With AP1 having developed its own internal infrastructure, factor models, and strategies, the team also decided to introduce its own ESG factor. “Within our multi-factor portfolio, we have a dedicated factor that reflects a company’s comprehensive ESG profile,” explains Sheludchenko. This ESG project was developed in collaboration with AP1’s sustainability team, with the objective of identifying “specific features that we believe align best with the fund’s overall strategy in the long run.” This ESG factor has become one of the many company aspects considered when constructing the portfolio.

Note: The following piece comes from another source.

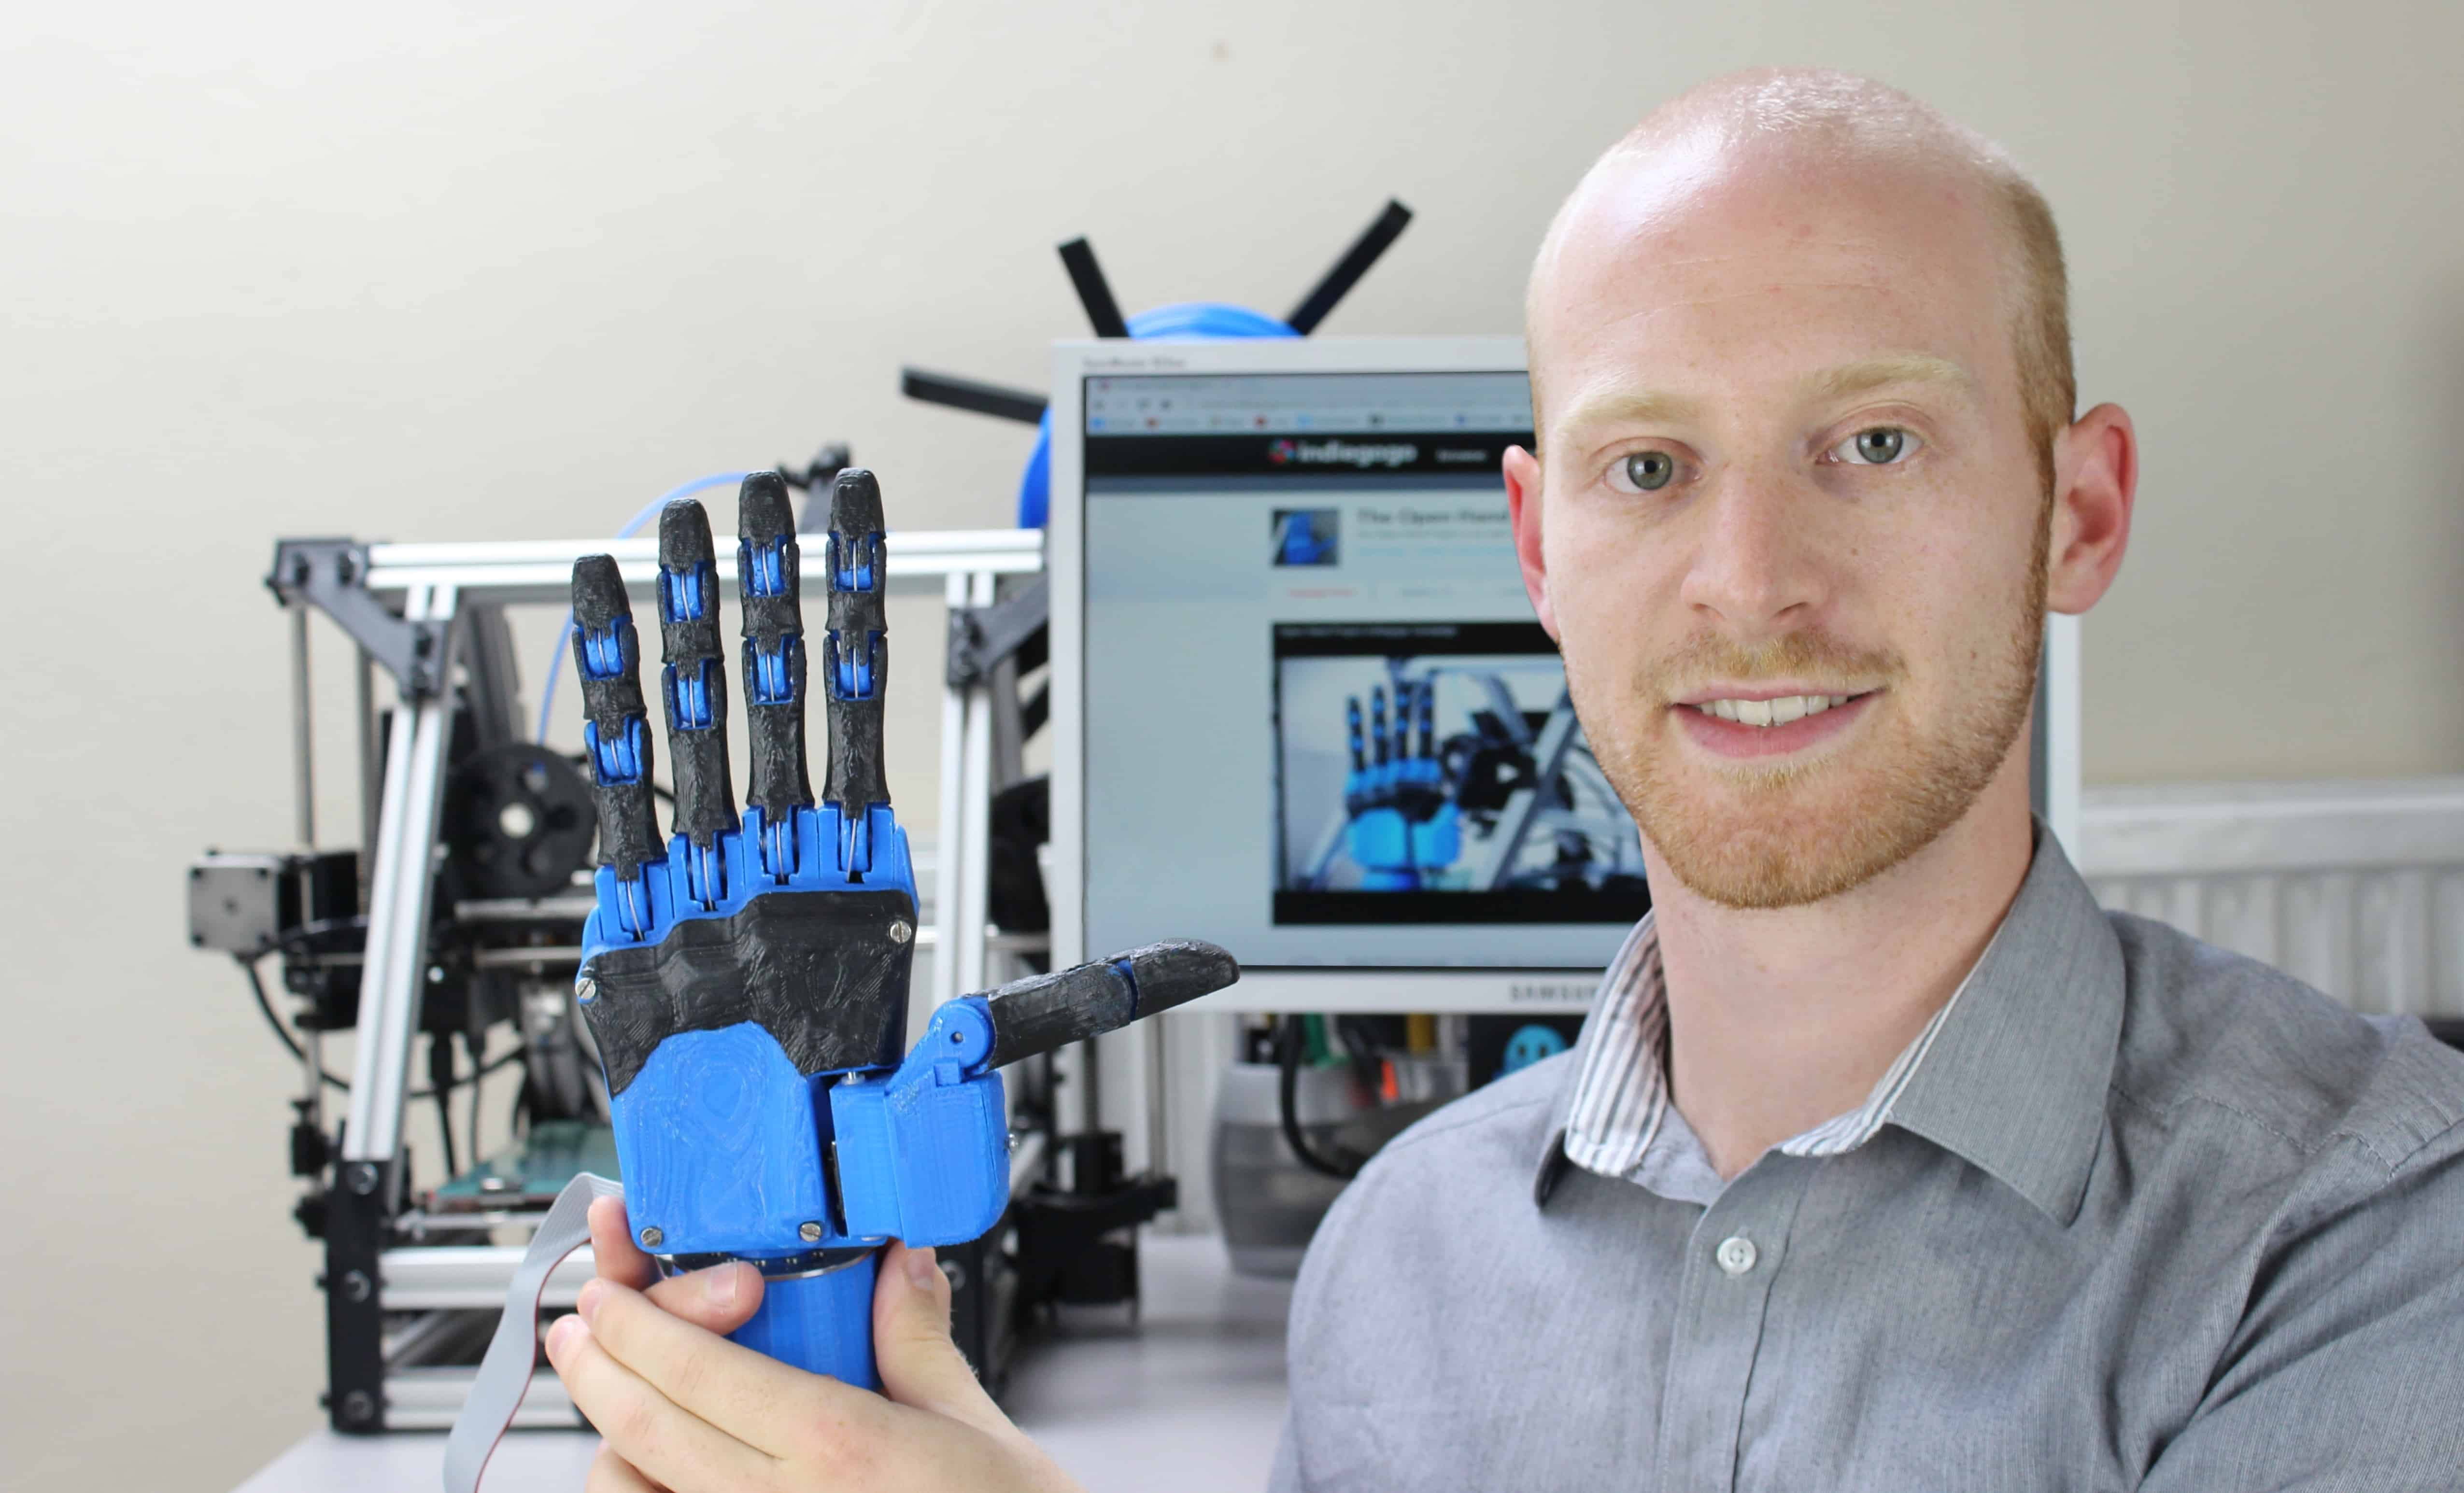 Joel Gibbard, founder of bristol-based robotics company openbionics holds a prosthetic hand

“Within our multi-factor portfolio, we have a dedicated factor that reflects a company’s comprehensive ESG profile. We view ESG characteristics as an integral part of a company’s attractiveness.”
Dmytro Sheludchenko, Senior Portfolio Manager within Asset Allocation and Systematic Strategies at AP1
“We view ESG characteristics as an integral part of a company’s attractiveness,” elaborates Sheludchenko. The team considers the ESG factor along with value, momentum, and other factors, but when all else equal, “the ESG factor will tilt the portfolio to more sustainable companies, at least how we define them,” he explains. “In this way, we transitioned from using a simple filter to a more integrated approach by introducing the ESG factor in 2020.”
The decision to develop their own ESG factor was driven by issues such as limited data, data accuracy, low data frequency, and the lack of a clear definition of ESG. “We are personally very positive about ESG and sustainability, but there are still issues for us as a quantitative investor,” notes Sheludchenko. “Data is a significant issue. You can now get ten years of good data, but it’s still not enough data,” he points out. “Data frequency is still quite low, and the biggest challenge is the lack of clear definition of what constitutes ESG,” continues Sheludchenko. “We define it in our way, which we feel is the best way, but for us, as a quantitative investor, this will be a challenge unless there is a more standardized way to define ESG across the industry.”